Some retrospective studies suggest that perioperative blood transfusion impairs survival in breast cancer patients.[53] Although other retrospective studies have not confirmed the association between transfusion and prognosis,[54] limiting the transfusion of blood to breast cancer patients whenever medically feasible seems prudent. A modified radical mastectomy rarely requires blood transfusion if performed by an experienced surgeon, even when combined with submuscular insertion of an implant to restore breast contour. When breast contour following modified radical mastectomy is to be restored using a tissue flap, the need for blood transfusions should be anticipated. Provision for autologous blood transfusions in that setting is recommended.

Even when standard therapy is effective, patients with breast cancer are appropriately considered as candidates for clinical trials designed to improve therapeutic results and decrease the morbidity of treatment. There is convincing evidence from randomized trials that periodic follow-up with bone scans, liver sonography, chest x-rays, and blood tests of liver function do not improve survival or quality of life when compared to routine physical examinations.[55,56] Even when these tests permit earlier detection of recurrent disease, patient survival is unaffected.[56] Based on these data, some investigators feel acceptable follow-up for asymptomatic patients after completion of their treatment of stages I-III breast cancer can be limited to physical examination along with annual mammography. In patients treated with lumpectomy and radiation, the detection of in-breast recurrence by physical examination and/or mammography can lead to curative mastectomy. In one series of 30 patients who failed locally after lumpectomy plus radiation therapy and who underwent salvage mastectomy, no distant recurrences were seen later than 6 years after initial local failure, and the disease-free survival following salvage mastectomy was 58% at 5 years and 50% at 10 years.[57-61] The intensity of follow-up and the appropriateness of screening tests after the completion of primary treatment of stages I-III breast cancer remain controversial.

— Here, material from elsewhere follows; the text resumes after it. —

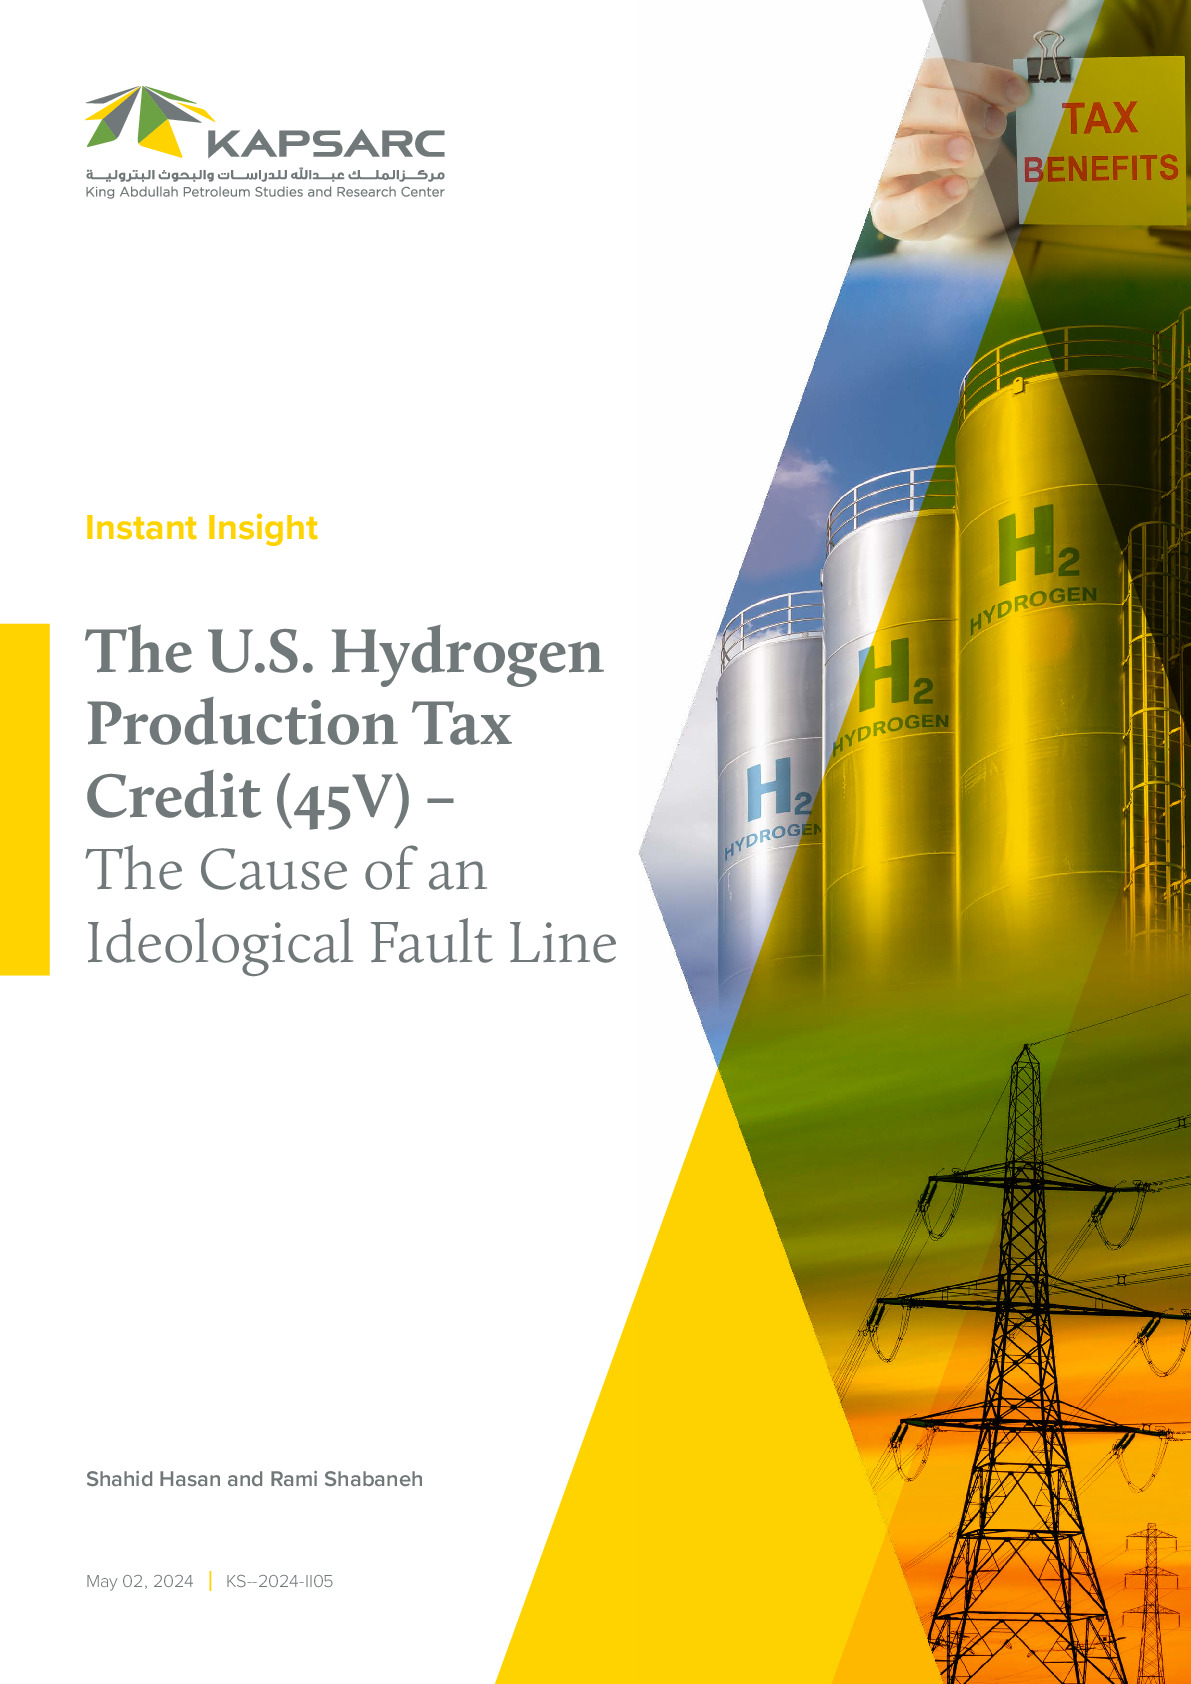 The U.S. Hydrogen Production Tax Credit (45V) – The Cause of an Ideological Fault Line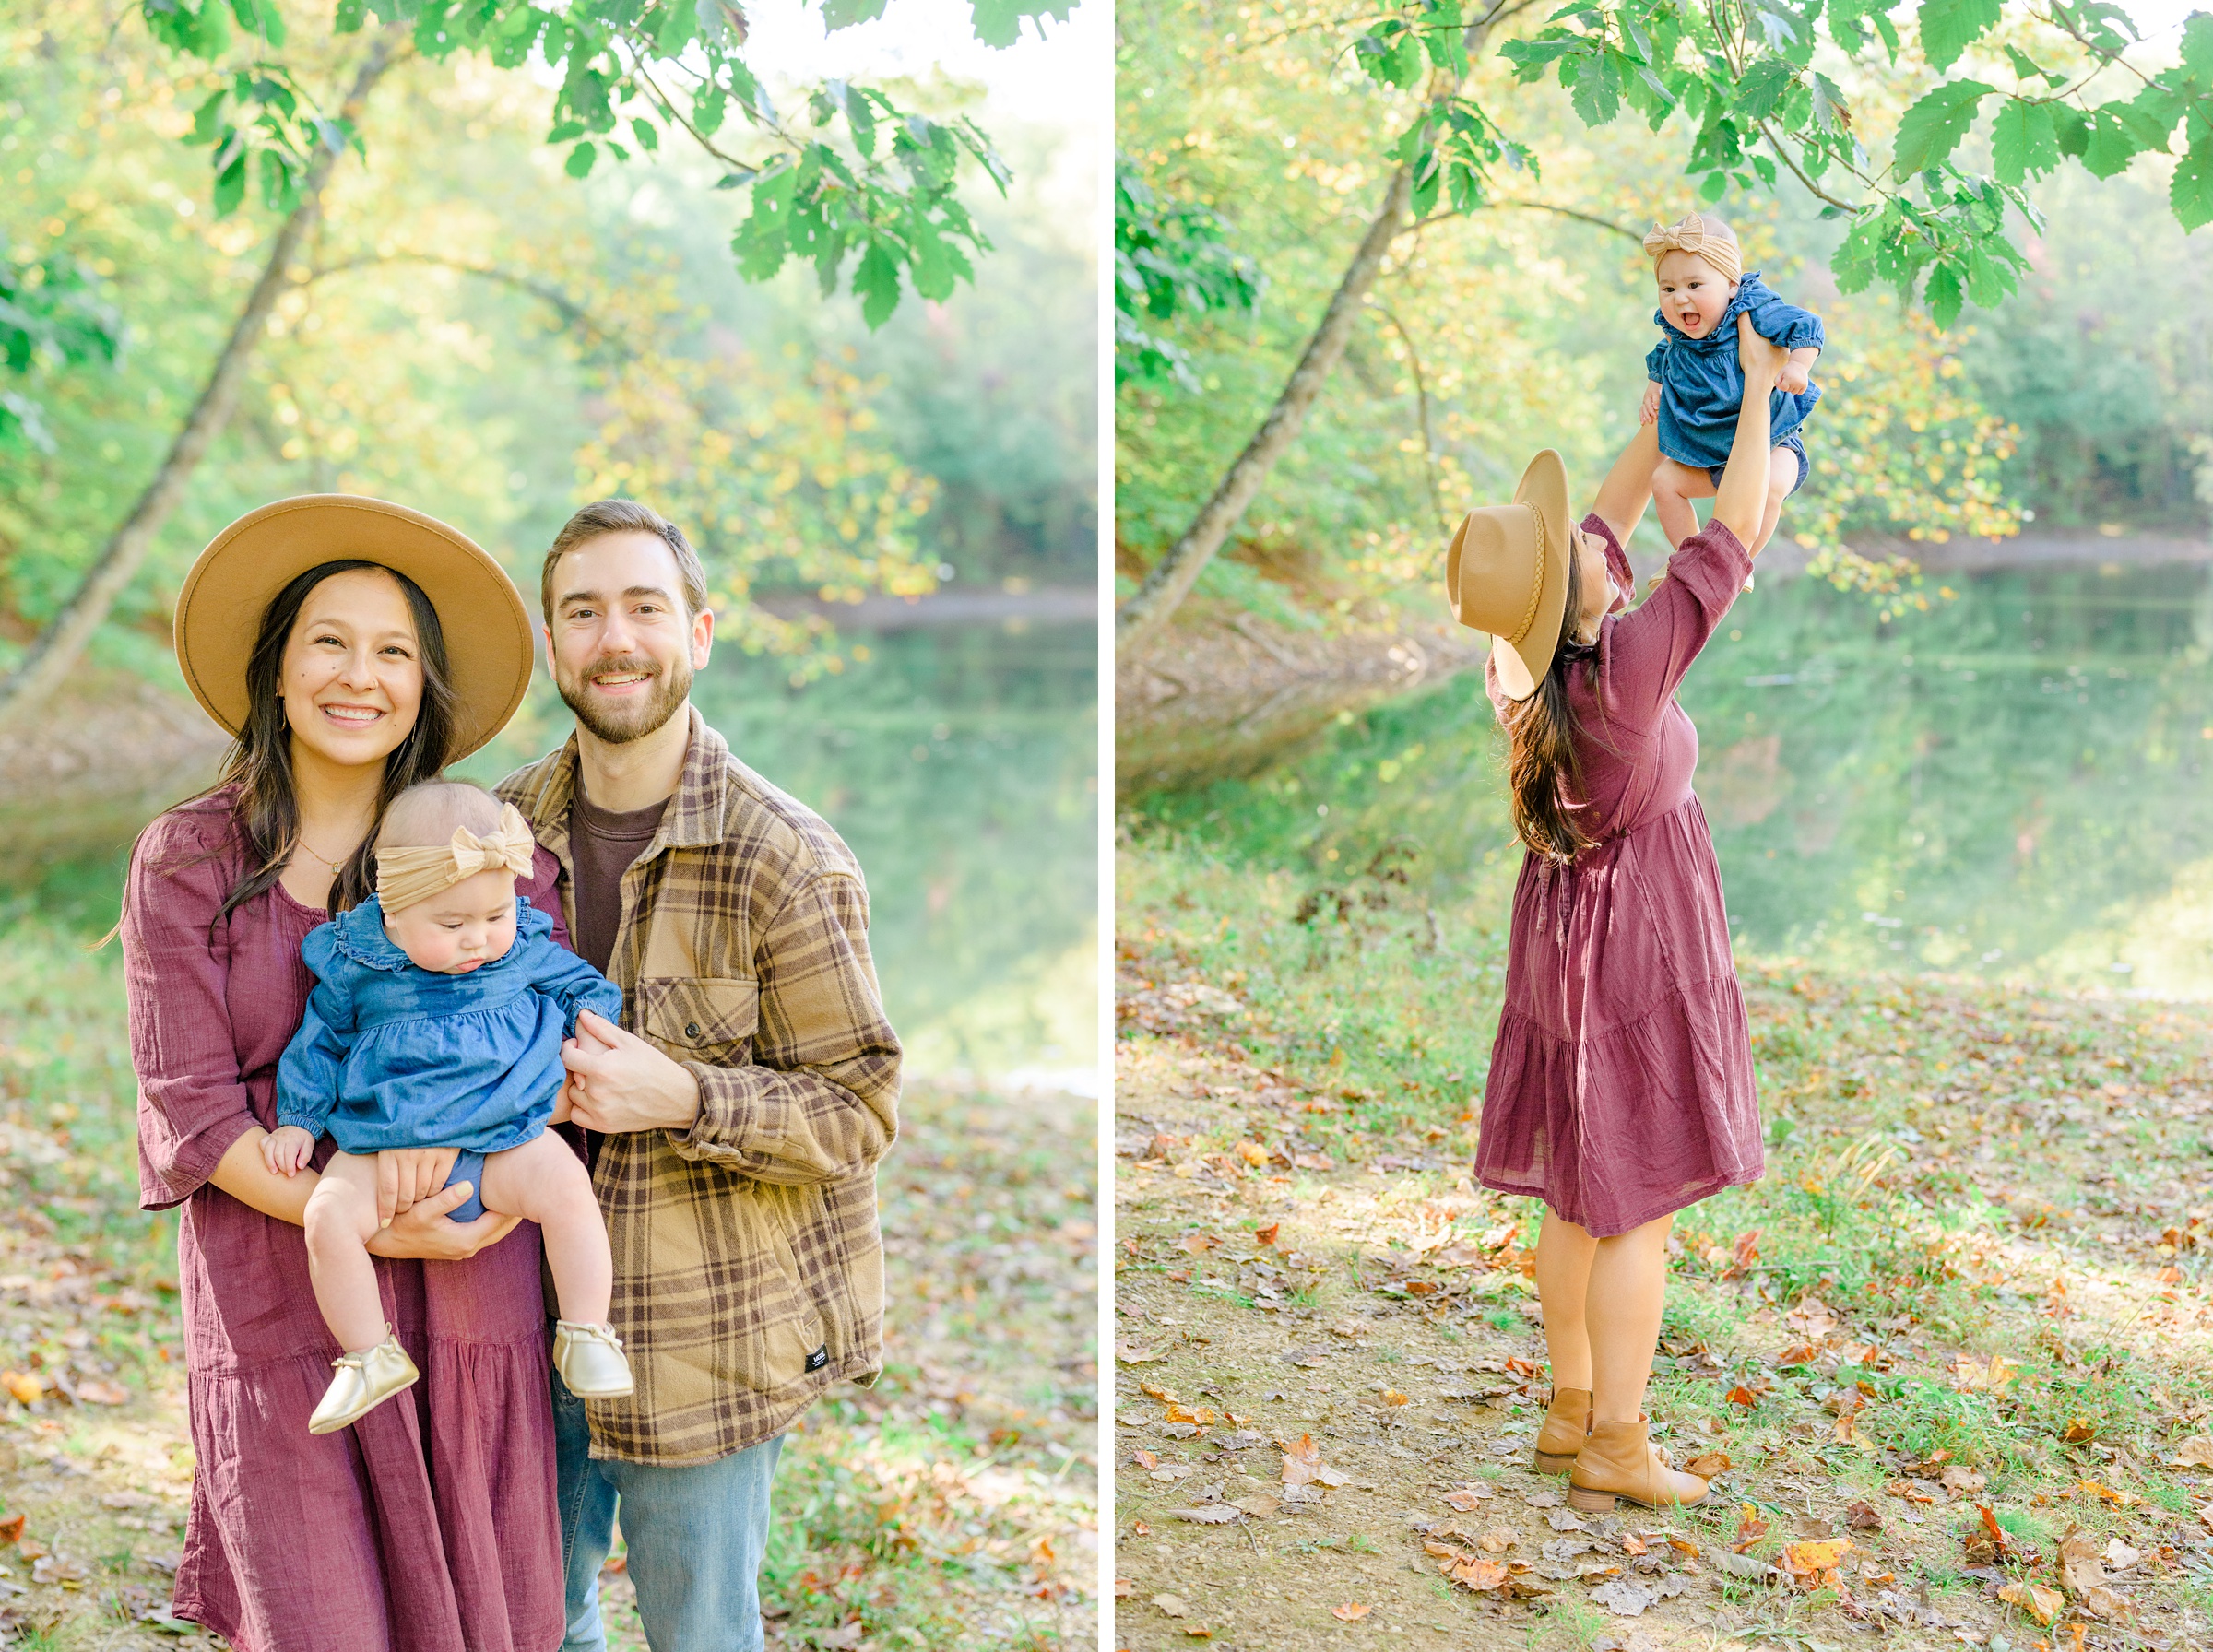 Family photo session in Hunt Valley, MD photographed by Baltimore Portrait Photographer Cait Kramer.

Increasingly, hormone replacement therapy (HRT) is prescribed for many postmenopausal women in the United States both to decrease acute menopausal symptoms and to promote long term health benefits. More precise quantitation of those latter benefits with current HRT regimens is presently under study (Women's Health Initiative Trial), but the benefits are potentially important. A study involving 121,000 nurses has shown that HRT taken for 5 years is associated with a reduced risk of coronary artery disease deaths as well as death from cancer. After 10 years of HRT, the magnitude of the reduction in risk of death is partially attenuated due to an increased risk of death in women taking HRT for more than 10 years.[62,63]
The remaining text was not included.